══ GIVEN DATA ══
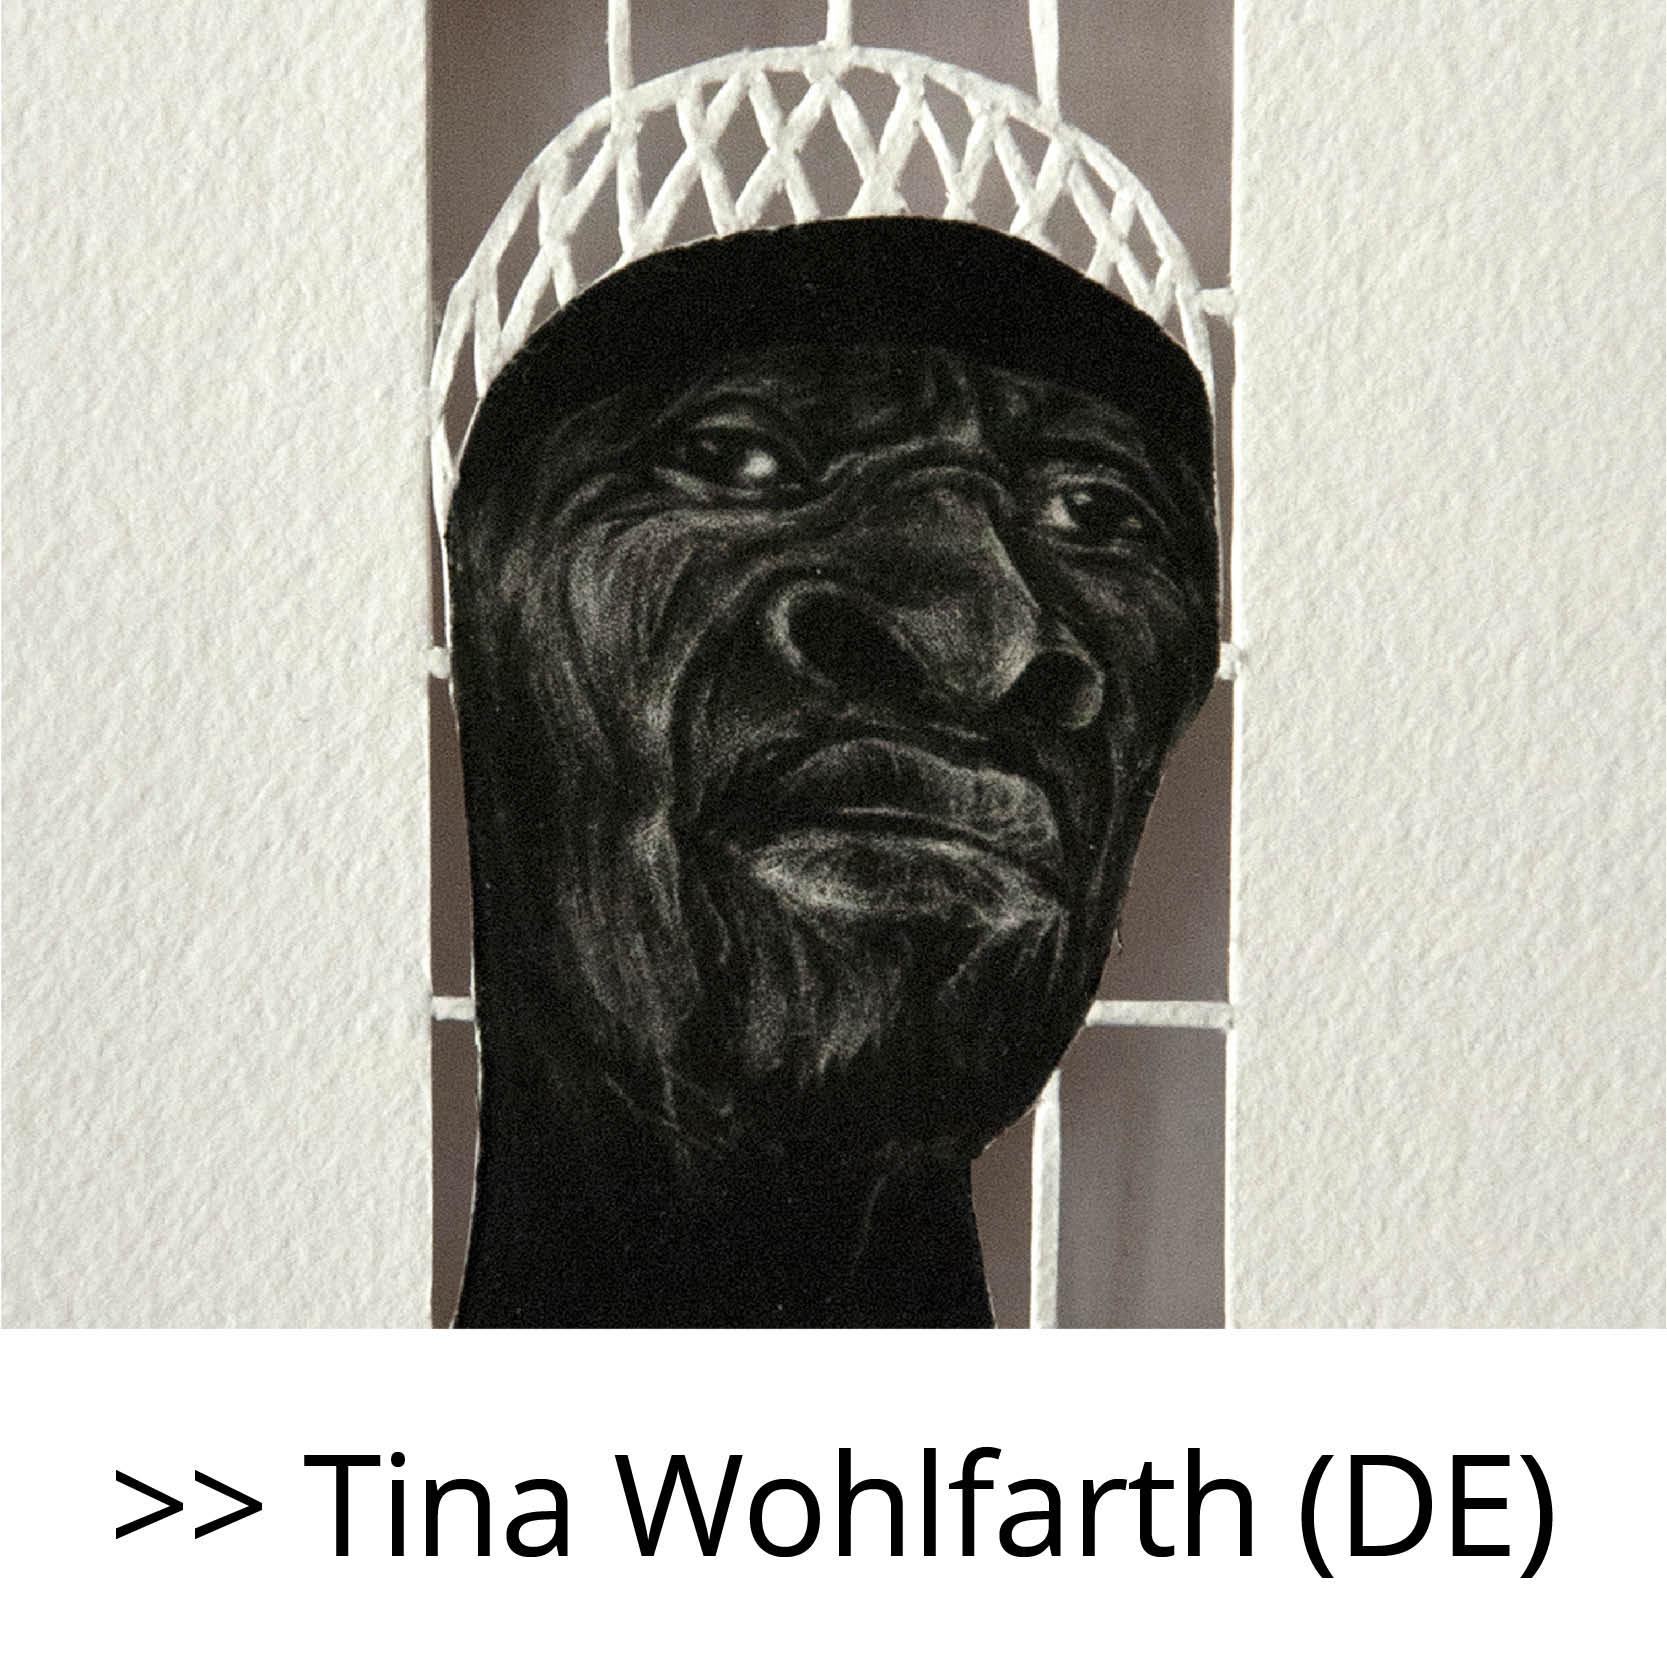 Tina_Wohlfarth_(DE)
═══
══ GIVEN DATA ══
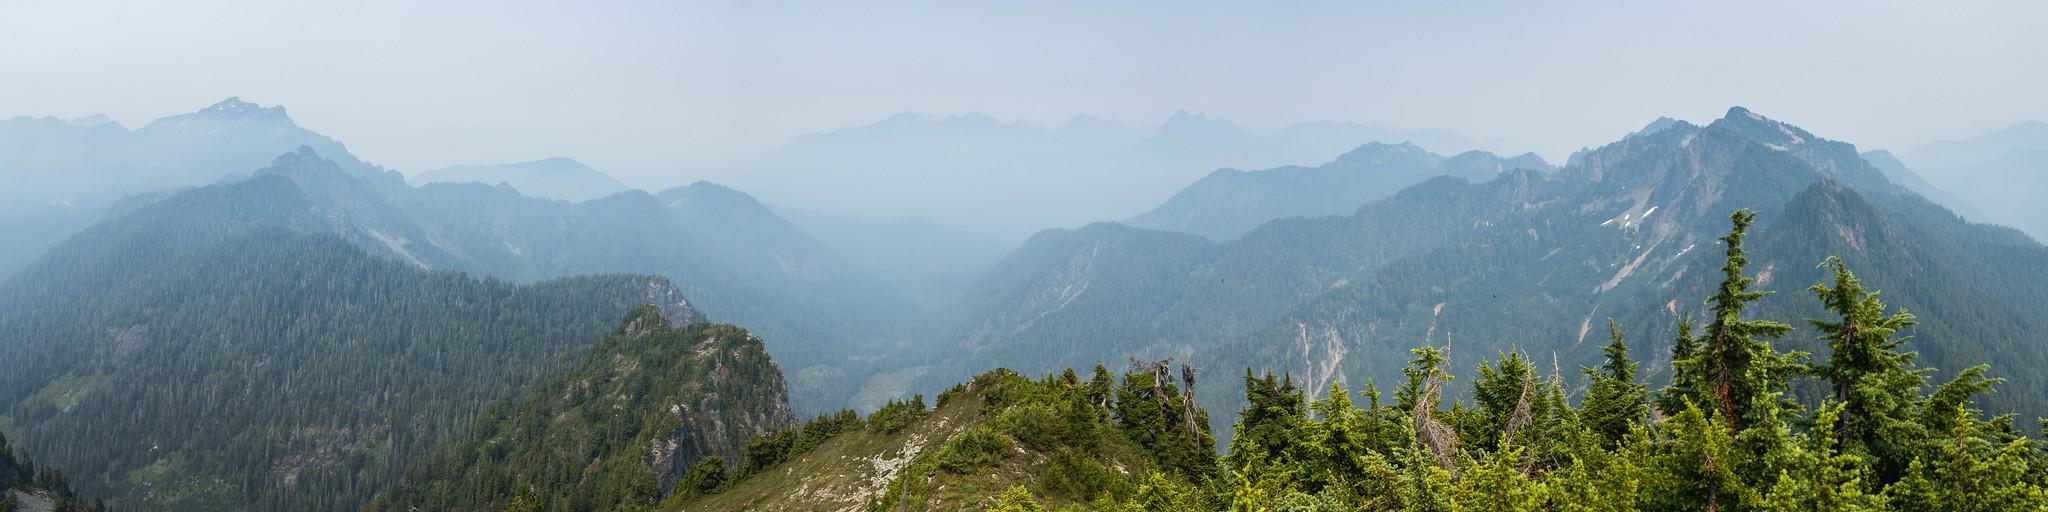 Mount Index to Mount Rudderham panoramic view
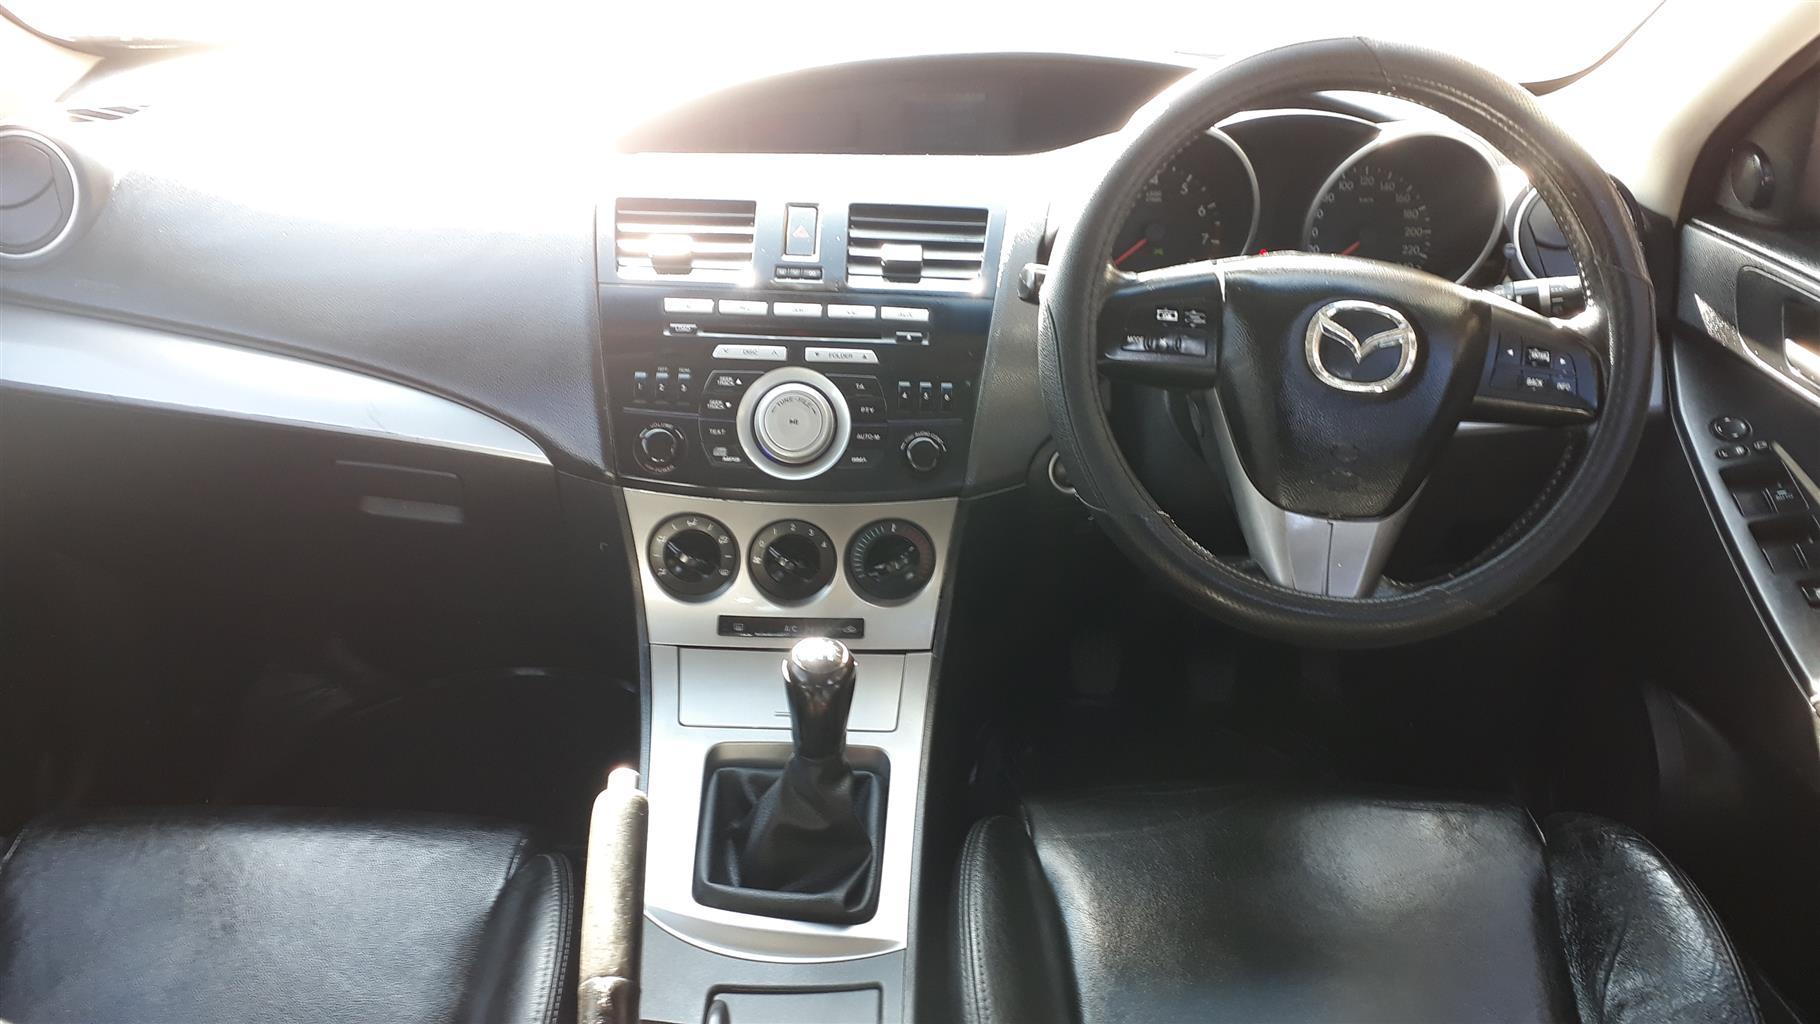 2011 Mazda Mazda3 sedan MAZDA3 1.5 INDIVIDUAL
═══
> **ABOUT THIS EXERCISE**: Reproduce the data above exactly, but only from the line containing "Mount Index to" through the line containing "2011 Mazda Mazda3". Omit all pictures.

> **REPLY TO THE TASK**:
 Mount Index to Mount Rudderham panoramic view
 2011 Mazda Mazda3 sedan MAZDA3 1.5 INDIVIDUAL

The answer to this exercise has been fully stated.